John Ashcroft's power grab: The saga of a troubled—and troubling—attorney general
Reason, June, 2002 by Brian Doherty
Yet he is, in his own straight-laced and traditional way, a radical cultural rebel. Despite his outsider status and the opprobrium it generates, he won't give in. Like a caring though peculiar dad advising against peer-group conformity, he stands against the crowd and is publicly (and by all accounts privately) true to the values of a serious religious conservative with one-and-only-one wife (Janet, a law professor with whom he's collaborated on legal textbooks) and three kids.
He's also hopelessly corny, creating waves of contemptuous mirth all across the Internet, where clips of him singing one of his self-composed gospel songs abound. While a member of the Senate, he and three colleagues formed a vocal quartet, the Singing Senators, to record and perform patriotic and devotional ditties. The group even trekked to that capital of American cornpone hokum, Branson--tellingly located in Ashcroft's home state--to croon with the Oak Ridge Boys.
Ashcroft's squeaky-clean Christian image is built on more than personal habits. People have reported that while being interviewed for jobs by Ashcroft, they were asked if they had ever committed adultery. (One applicant reports being asked if he were gay, a story Ashcroft denies.) He was the first senator to publicly call upon President Clinton to resign over his affair with that woman, Monica Lewinsky. As Missouri governor, he vetoed a Sunday liquor sales bill, signed into law the first Missouri restrictions on underage smoking, restricted rentals of violent movies to minors, and cracked down on casual drug use (even as one of his top aides was exposed by a squealing college buddy as a pothead and coke-sniffer and quietly resigned). As federal attorney general, he has revived the sort of porn prosecutions that languished in the Bill Clinton-Janet Reno era.
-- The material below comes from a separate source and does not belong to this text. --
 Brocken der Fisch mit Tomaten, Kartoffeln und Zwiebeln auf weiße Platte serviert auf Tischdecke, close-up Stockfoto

Still, Ashcroft is not some backwoods, Holy Roller hick. He is part of a generation of Pentecostals who have engaged the larger world rather than staying within their own separatist institutions. Hence, Ashcroft attended college at Yale and law school at the University of Chicago. "Ashcroft," notes Edith Blumhofer, a historian at Wheaton College who has written several books on the Assemblies, "was brought up in what was in some ways a conservative Assemblies of God home. His father was very pietist and devoted to prayer. Yet Ashcroft was not told to go to Yale and fight the battle-he went there simply as a student, with no agenda to convert the place." For a devout member of the Assemblies, says Blumhofer, Ashcroft was exceptional in combining the secular and the religious.
The religious historian Grant Wacker once described Pentecostals as having a "jut-jawed stress on personal autonomy," and Ashcroft is the first Assemblies worshipper to be elected either governor or senator. In that context, Ashcroft's political career can be read as an experiment in the assimilation of a peculiarly independent religious tradition into the mainstream.
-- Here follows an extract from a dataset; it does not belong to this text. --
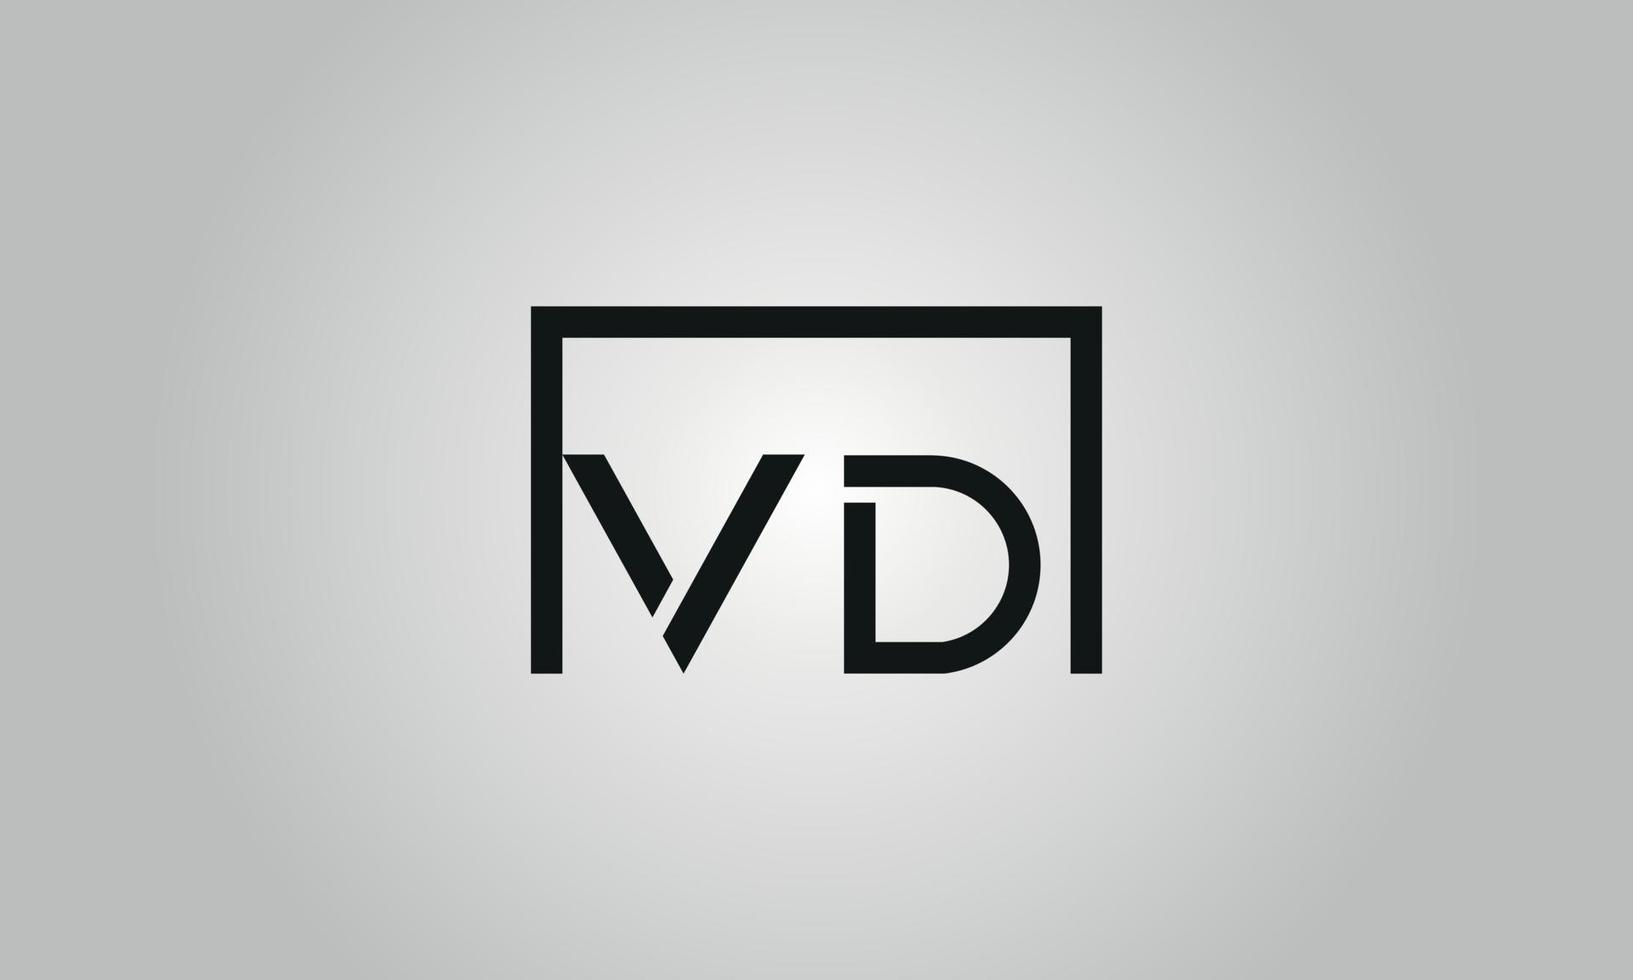 Buchstabe vd-Logo-Design. vd-Logo mit quadratischer Form in schwarzen Farben Vektor kostenlose Vektorvorlage.

The experiment can only be described as an awkward semi-success so far. Certainly, John Ashcroft is the attorney general of the United States--a position of considerable power and influence. But by following the dictates of his faith and upbringing, he has crafted a public image that media sophisticates on both coasts see as charmingly goofy at best and dangerously retrograde at worst. Though many Americans agree with him (at least generally) about such matters as God, family, and abortion, Ashcroft has surely noticed that it just isn't OK to the opinion makers to be who he is.